What does your family think?
Dillon: My brother Jordan and I both converted and I was wondering how my mom would think about that. She has very firm convictions about the way that we worship and about theology. She’s never been formally trained but I think she’s a theological genius. She’s been supportive and accepting about our conversion and, most of all, which is what I love, and will always love, is that she’s so curious about the things that we believe now. There’s nothing that she would rather do all day, everyday then talk about God and talk about Jesus and how we should best worship Him.
It’s been a very helpful support to my faith and I think if I had to work against her I would be much worse off. She’s very invested in the conclusions. She’s happy as long as she believes that we are really giving ourselves to the Lord, but at the same time she wants to understand.
Do you have advice for how Catholics can better evangelize Protestants?
Dillon: Expose a little bit more of the beauty of Catholicism and expose what is very emotionally compelling about Catholicism. I think that with Catholicism relying on so much intellectual tradition it has very well-defined doctrine and for that reason lends itself more to a cold intellectualism, a cold conviction. That’s what a lot of Protestants see. They see this belief in God which is not quite motivated by the heart. I’m not sure if that’s the right way to put it, but my advice would be to try and share with our Protestant brothers what exactly is so beautiful about our faith.
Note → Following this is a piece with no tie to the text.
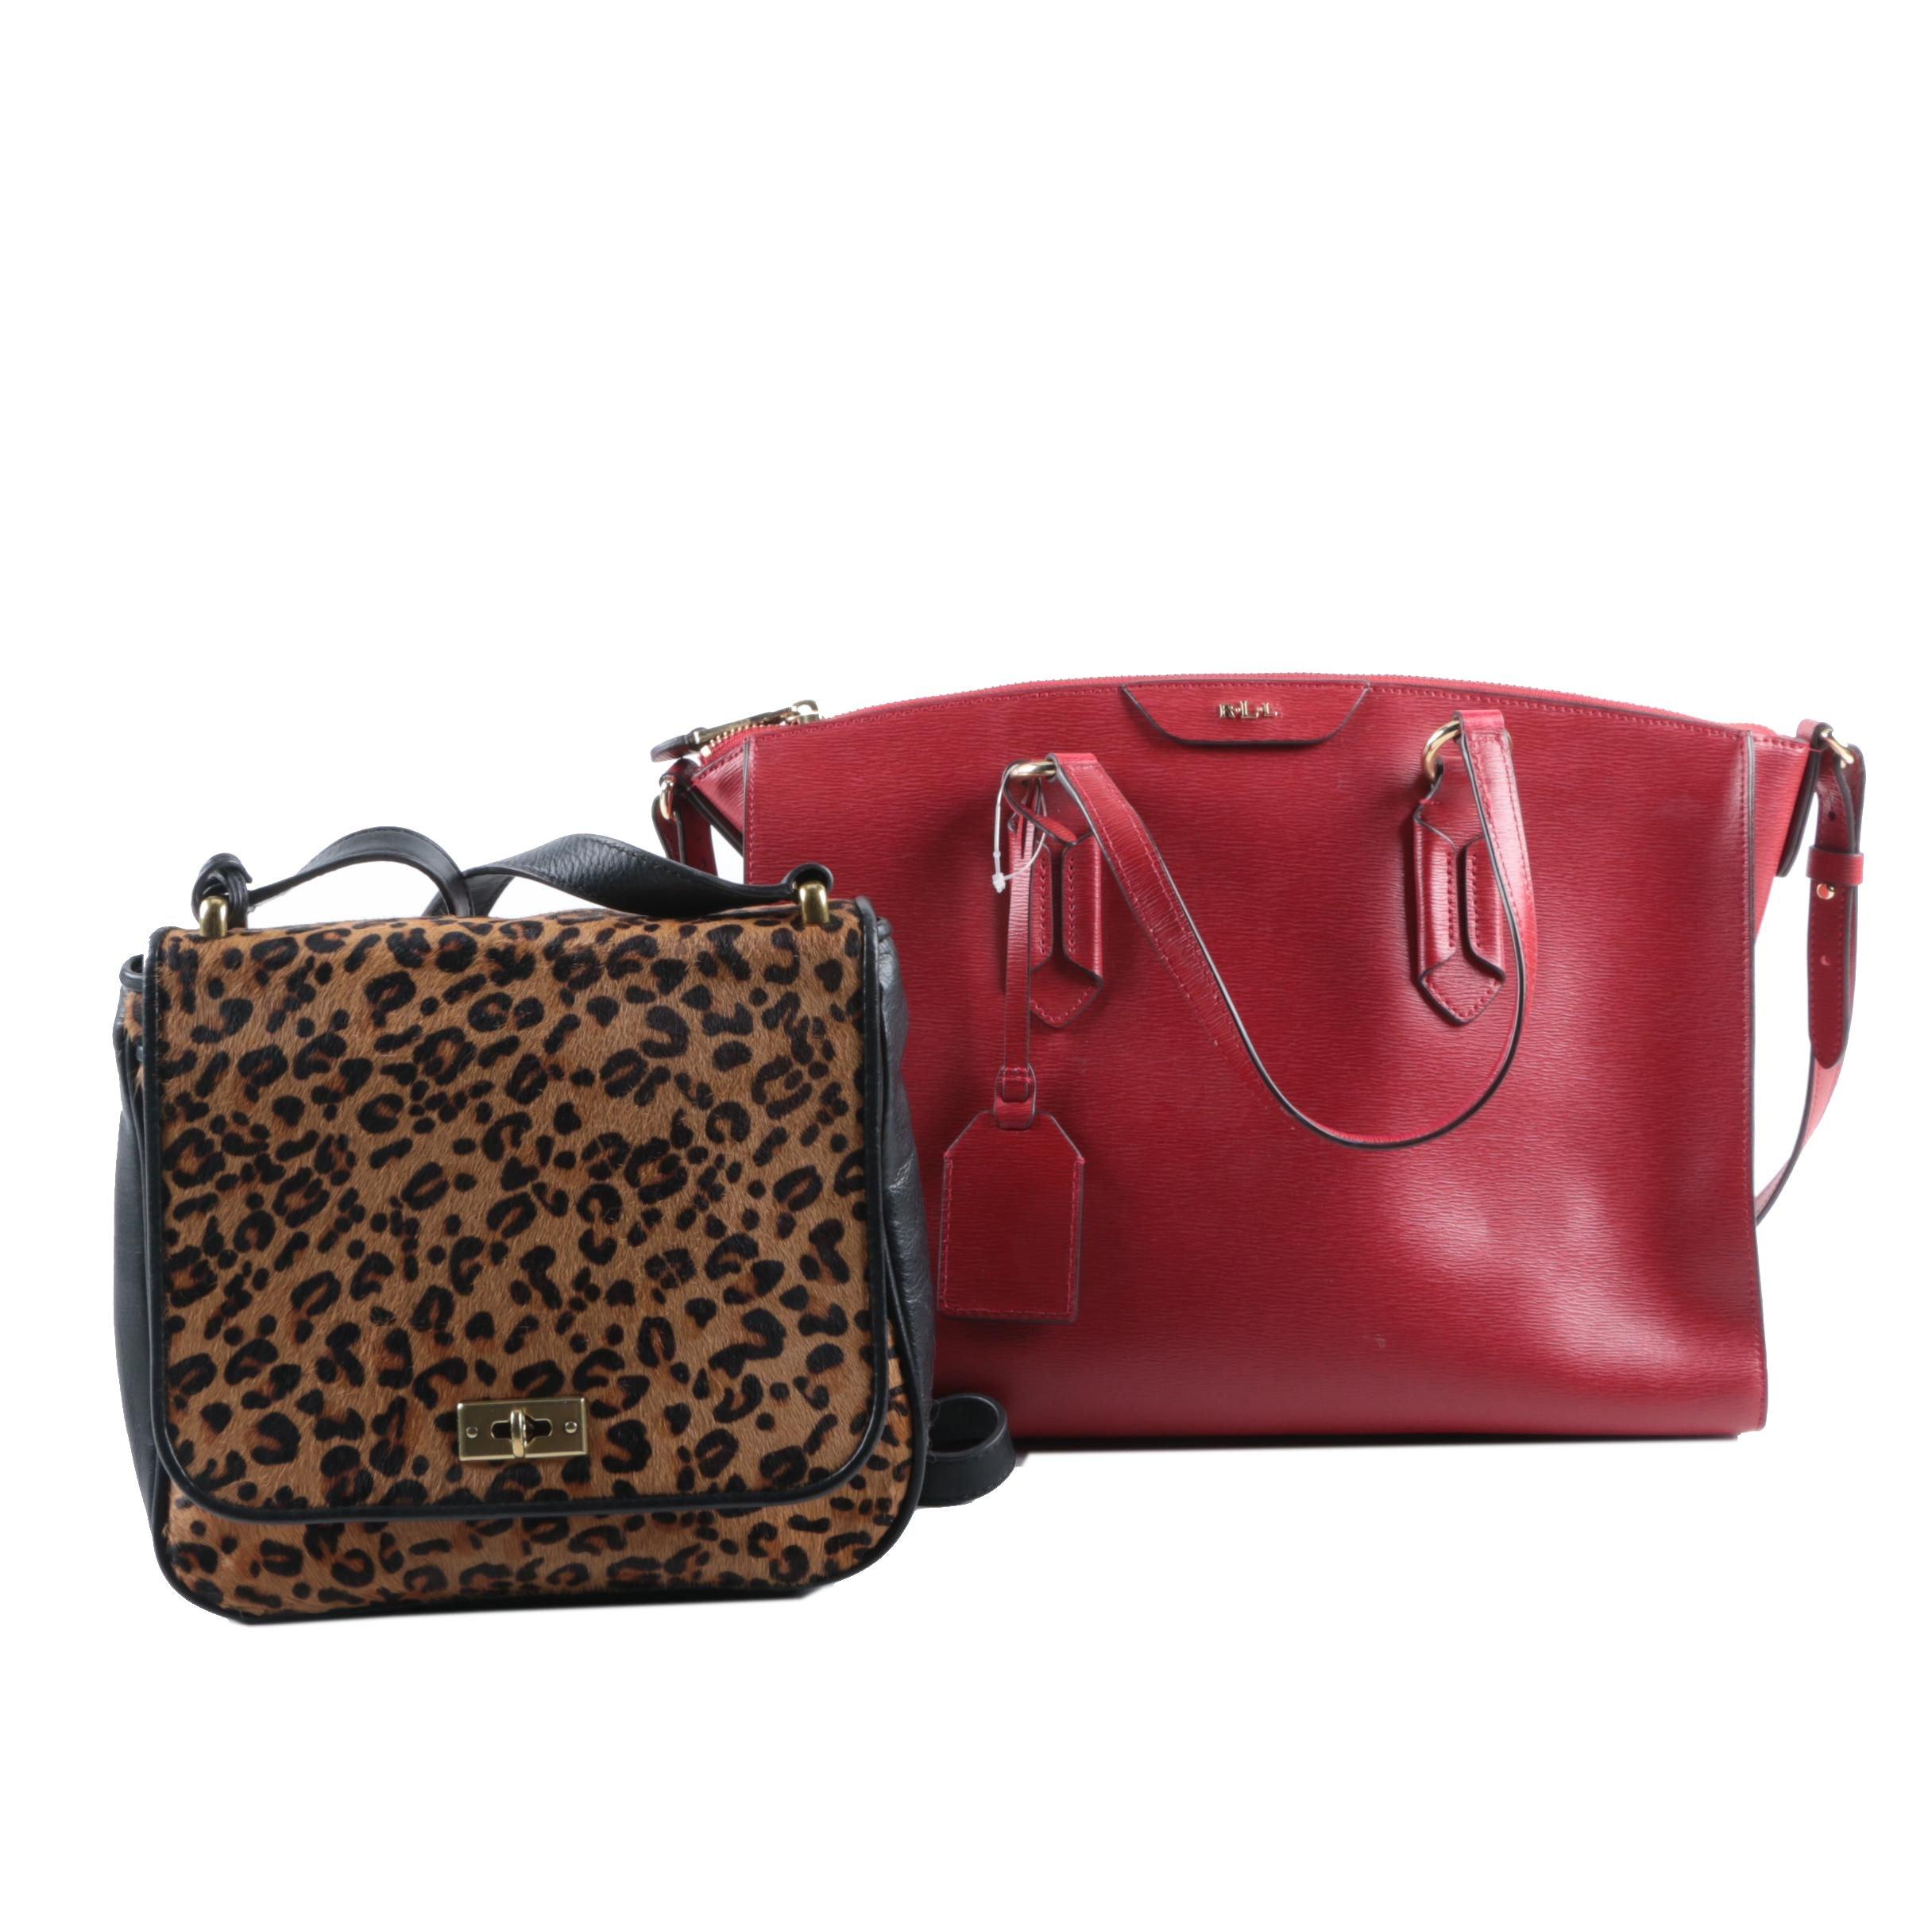 Lauren Ralph Lauren and Fossil Leather Handbags

Sometimes when I’m appreciating the mystery of the True Presence, I feel like I always wanted to feel back in our charismatic worship services. I think that if we could try to express what it is that’s so beautiful about the Catholic faith, maybe some of the Protestants who are not really seeing the emotional appeal of Catholicism would think about it a little more.
California Catholic Daily writer Mary Rose is interviewing young Catholic converts as part of our Inquiring Minds series. If you are a young convert to the Catholic Church and would like to share your story, please contact us.
Very good article. Very appropriate, to interview young Catholic converts on college campuses– look forward to reading more of these stories. I also think young Dillon’s choral interests are marvelous. He will learn a tremendous amount about our Faith, singing in his men’s Schola. Loved listening to the beautiful choral setting of the Corsican 4th century Marian antiphon, “Tota Pulchra Es.” It is from the Second Vespers of the Feast of the Immaculate Conception.
WOW! WOW! WOW! God is Great. God is Good. I just love this young man and I love God who has brought him on and through his journey. This is the most edifying thing you have published in a long time. Thanks to Mary Rose for bringing us this interview. Made my day.
I love that you are asking young converts to contact you, also.
I am so full of joy after reading this.